▶ **Problem details**
Repeat every line from the line containing "Surya Bahari 20" to the end of the data, exactly. Leave the pictures out.

▶ **Given material**
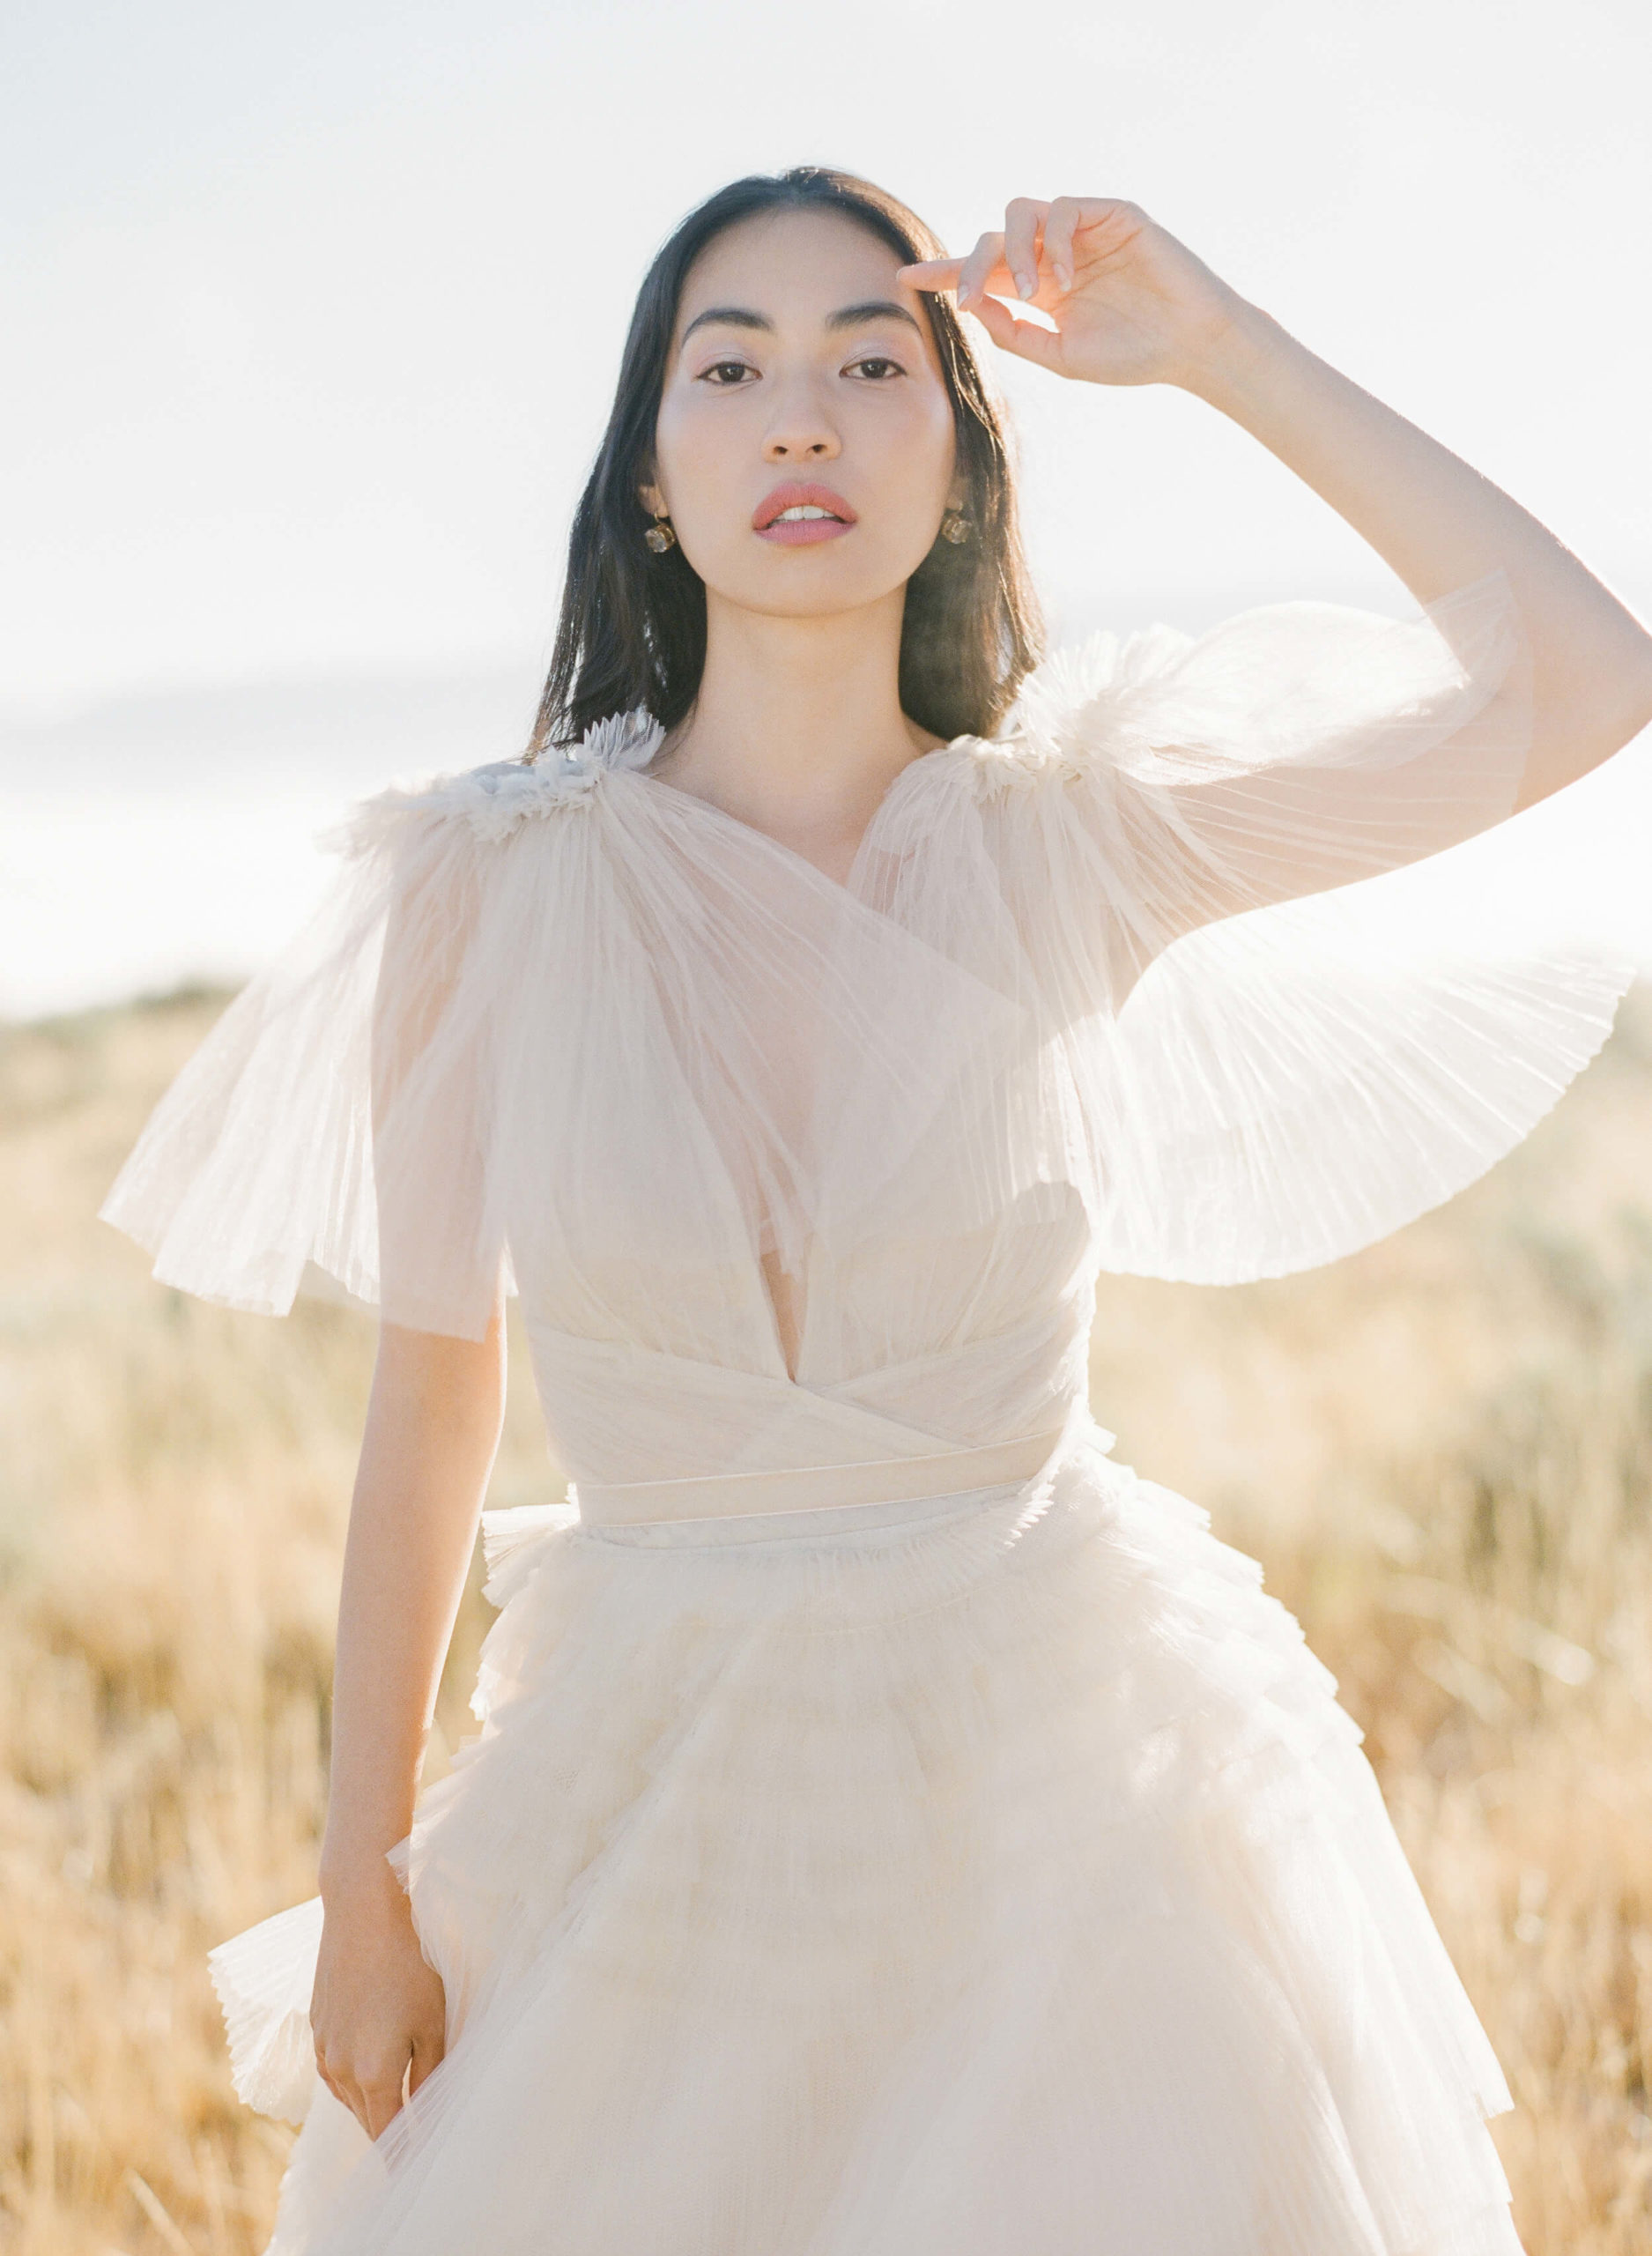 Creamy Aria Gown by Teuta Matoshi
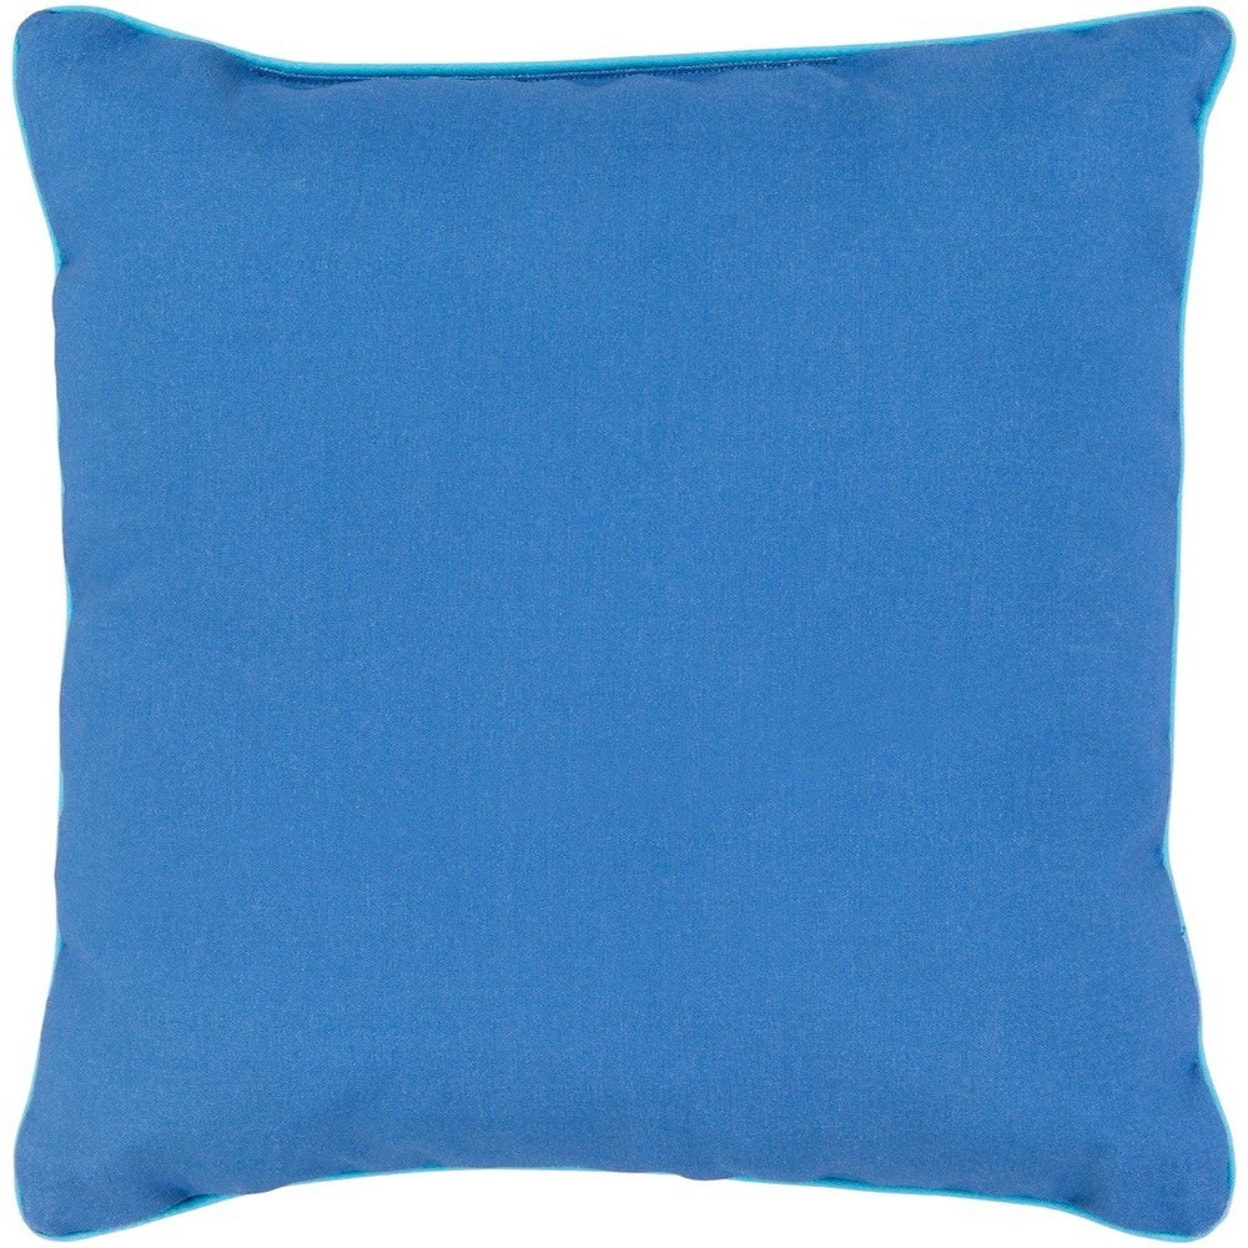 Surya Bahari 20 x 20 x 4 Polyester Throw Pillow
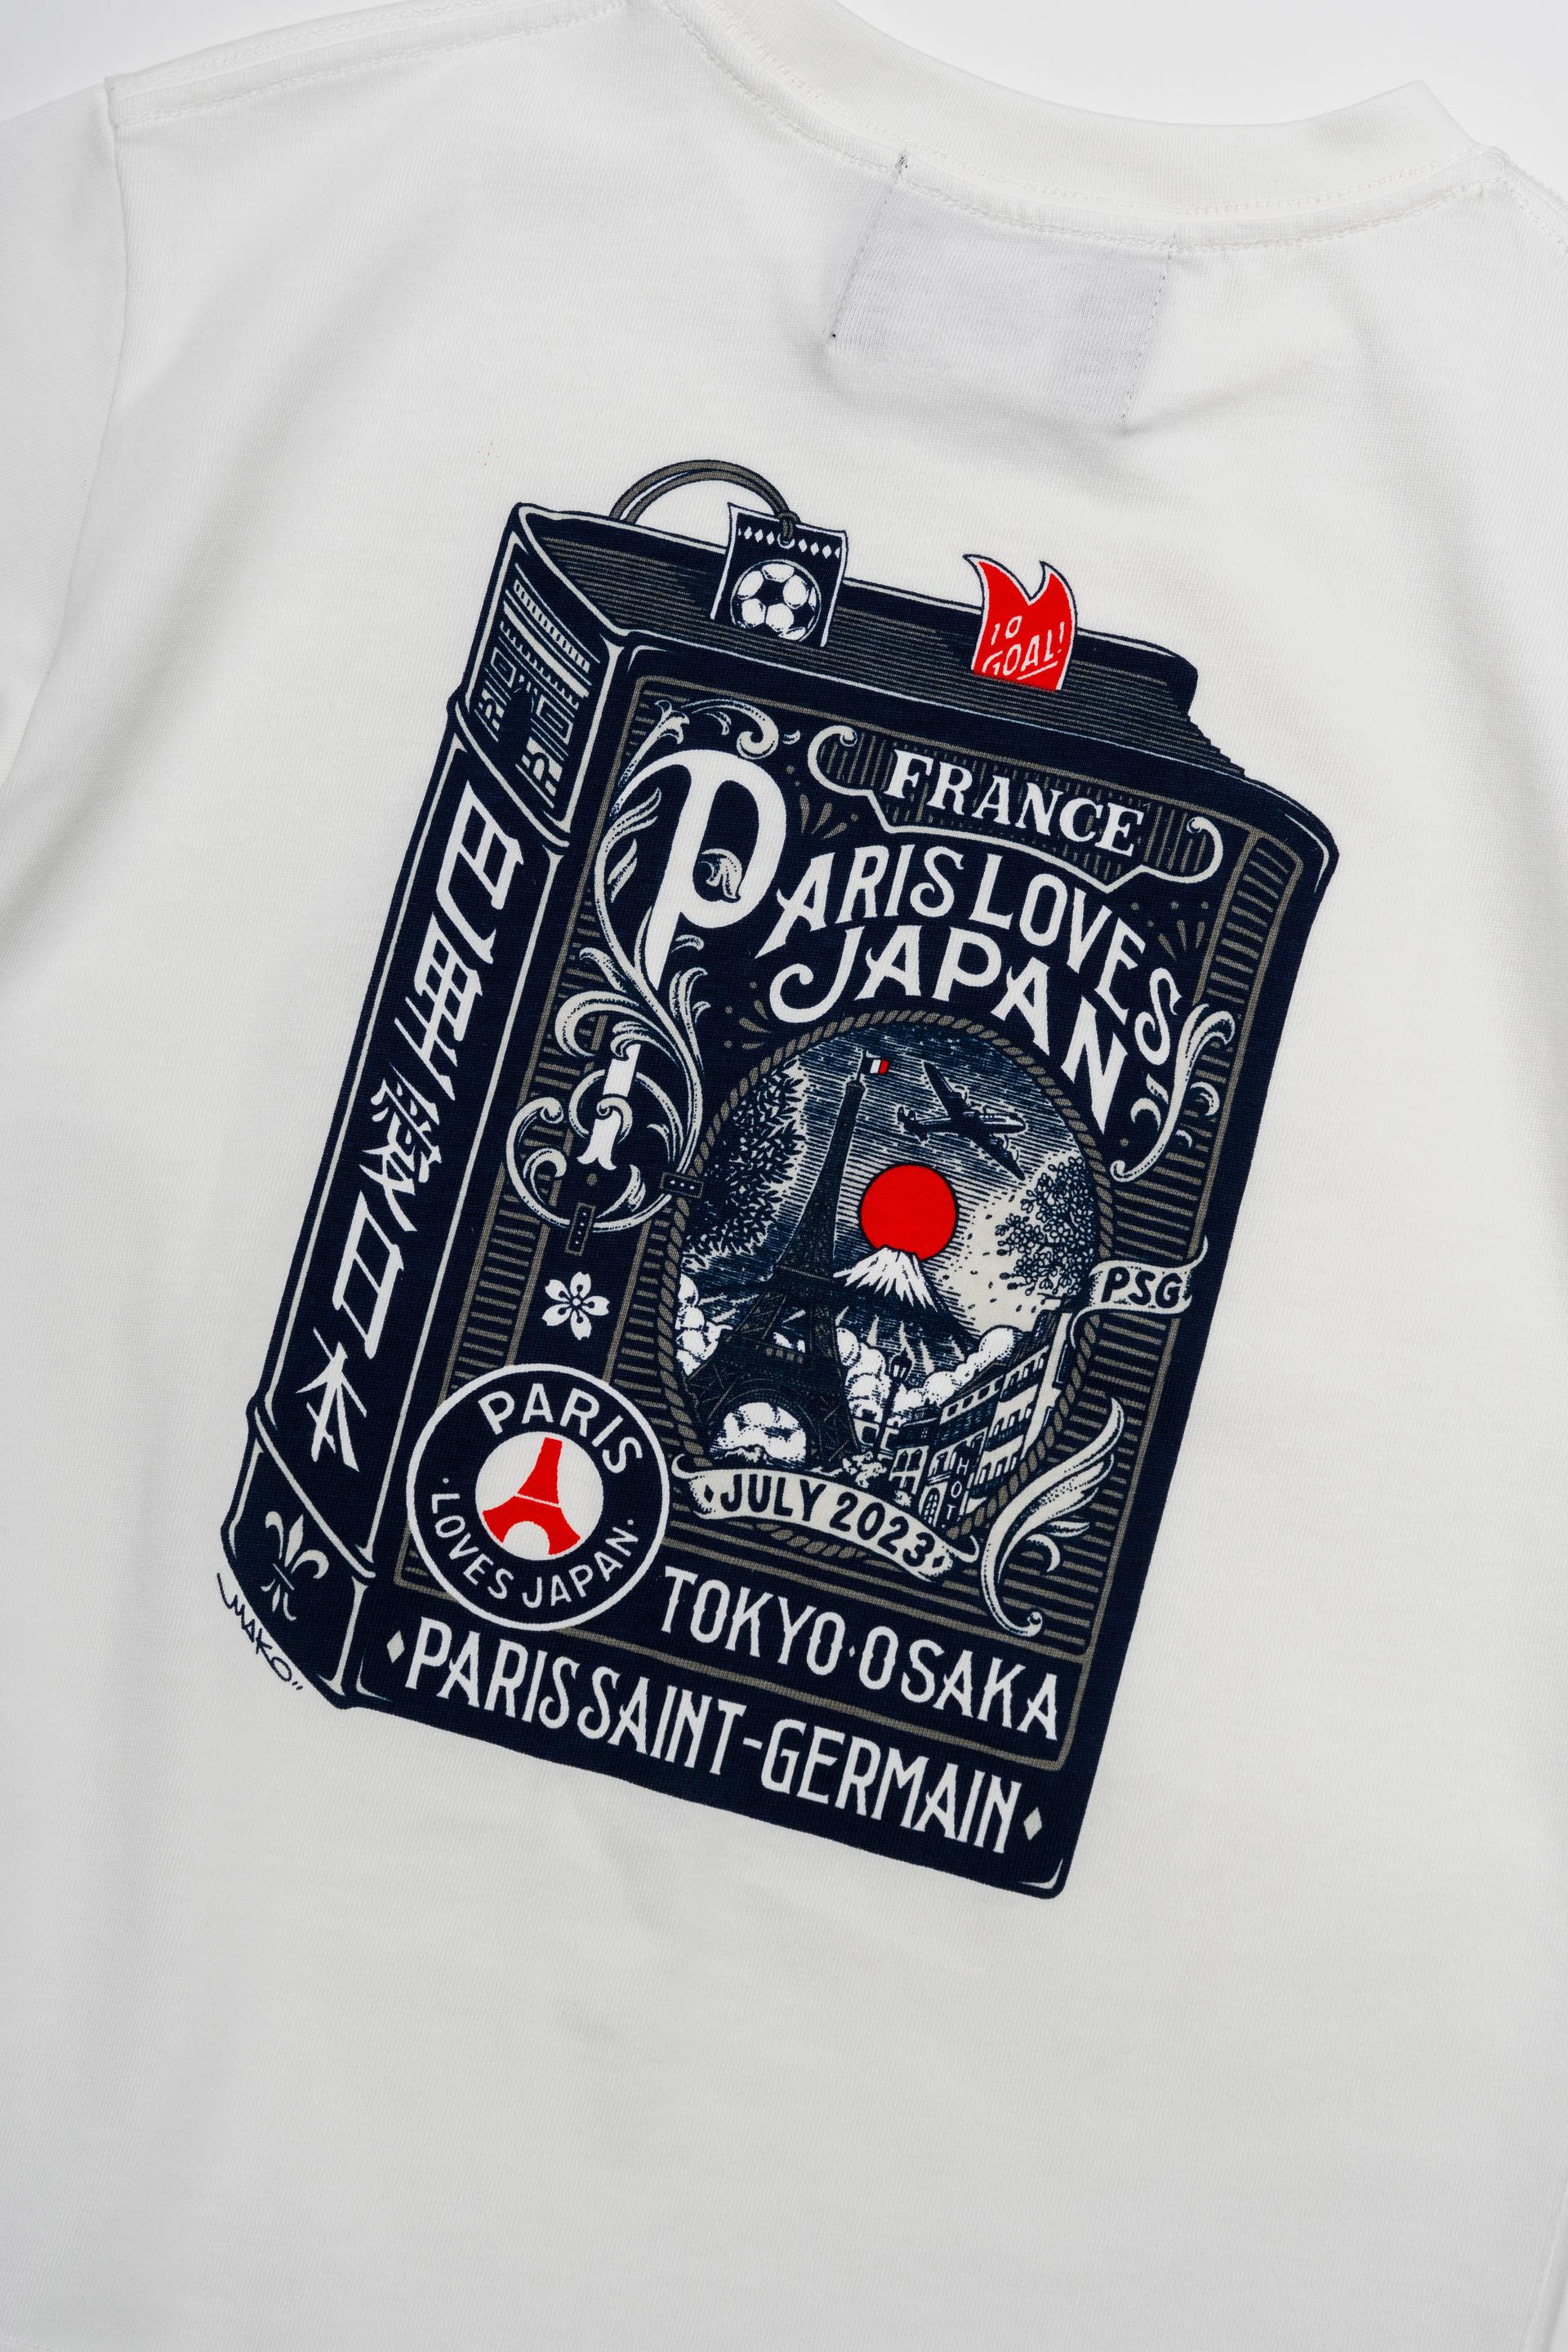 山木真 X PARIS SAINT-GERMAINのコラボTシャツのプリント

▶ **Worked solution**
 Surya Bahari 20 x 20 x 4 Polyester Throw Pillow
 山木真 X PARIS SAINT-GERMAINのコラボTシャツのプリント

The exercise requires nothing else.